◆ TASK INSTRUCTIONS:
Your answer must be an exact copy of the entries below, with no pictures in it.

[Stored items from a collection]

•••

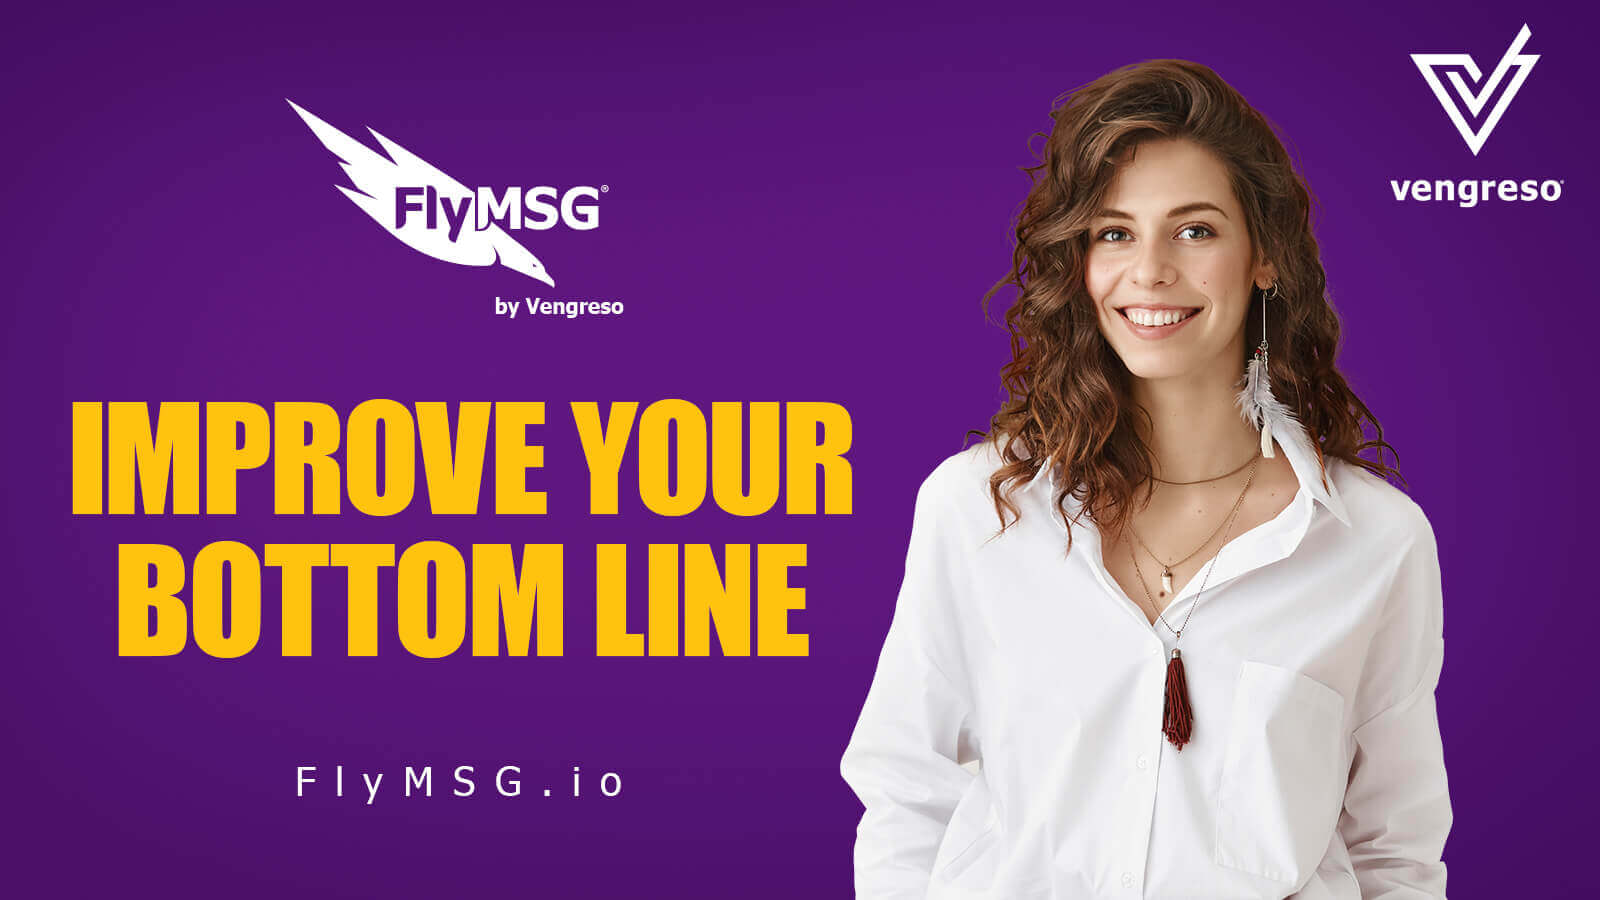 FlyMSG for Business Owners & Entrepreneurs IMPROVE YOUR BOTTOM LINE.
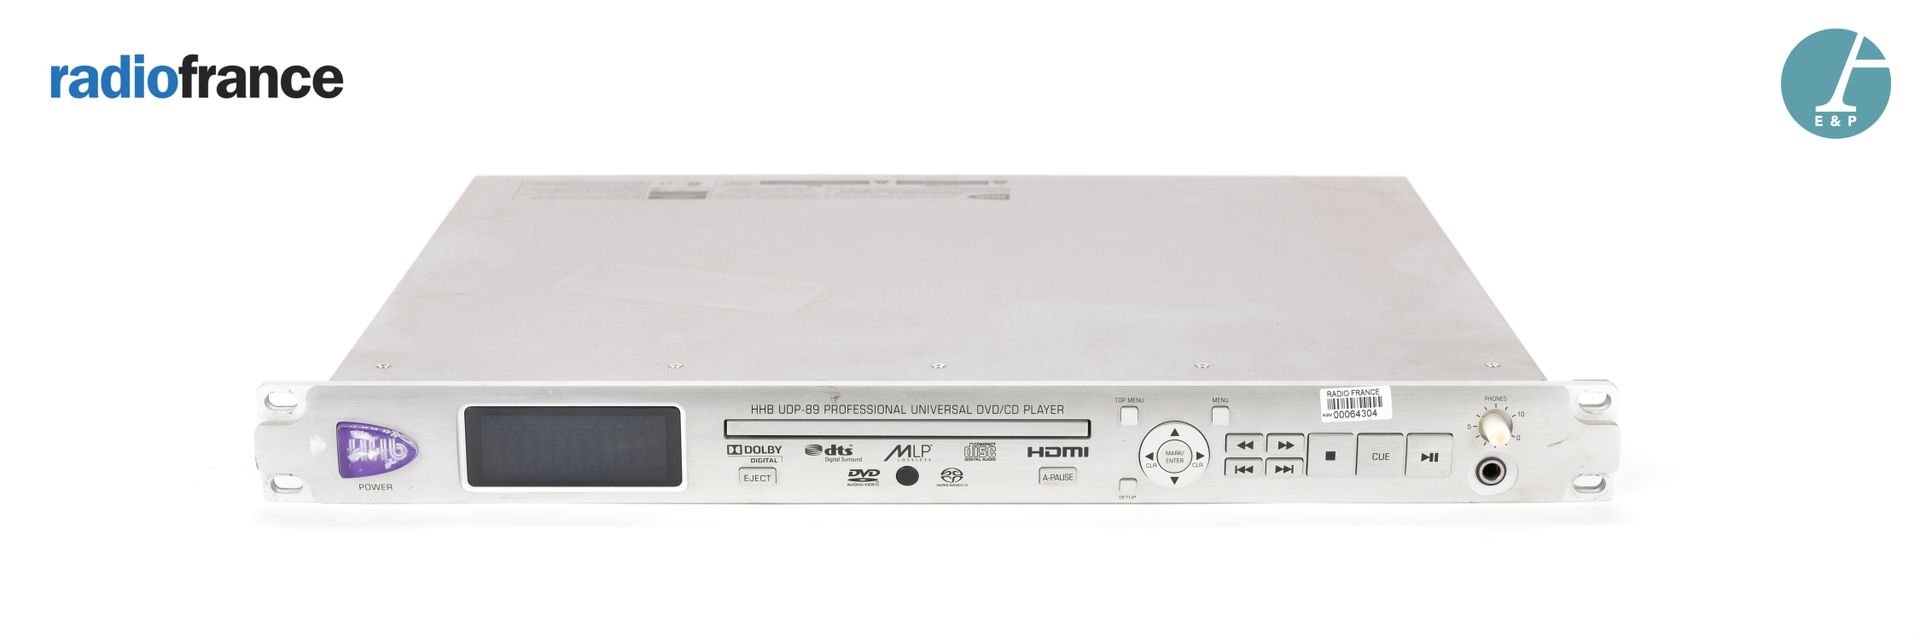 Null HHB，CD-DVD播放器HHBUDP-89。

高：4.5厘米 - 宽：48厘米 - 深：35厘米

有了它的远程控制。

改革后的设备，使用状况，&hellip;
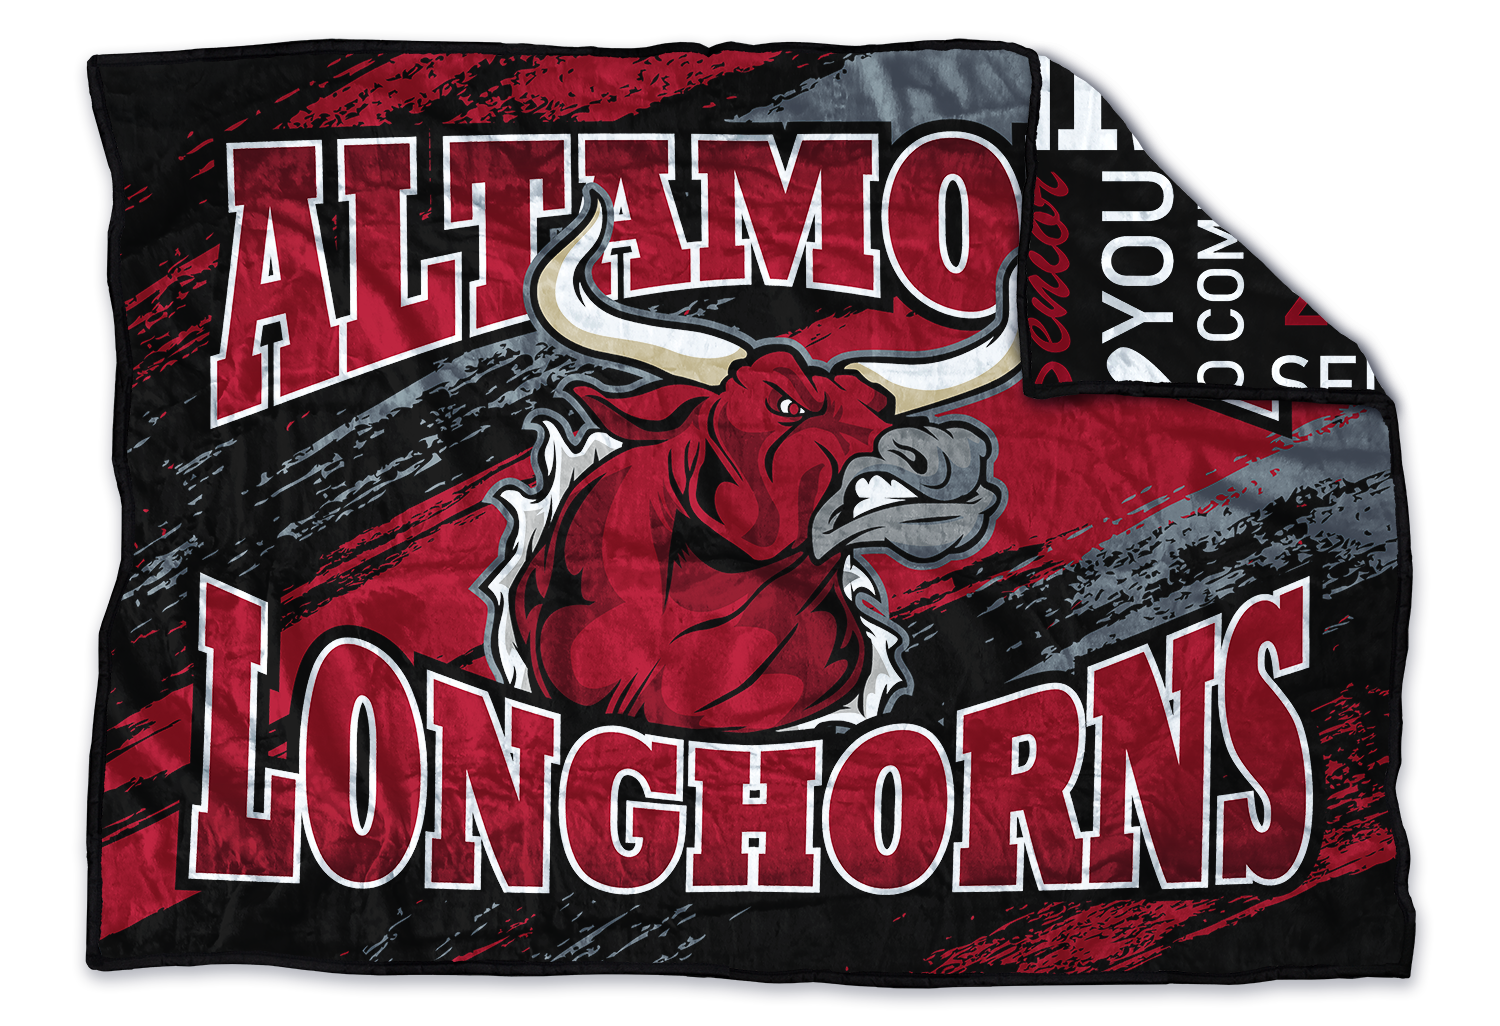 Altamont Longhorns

•••

◆ EXERCISE RESULT:
 FlyMSG for Business Owners & Entrepreneurs IMPROVE YOUR BOTTOM LINE.
 Null HHB，CD-DVD播放器HHBUDP-89。

高：4.5厘米 - 宽：48厘米 - 深：35厘米

有了它的远程控制。

改革后的设备，使用状况，&hellip;
 Altamont Longhorns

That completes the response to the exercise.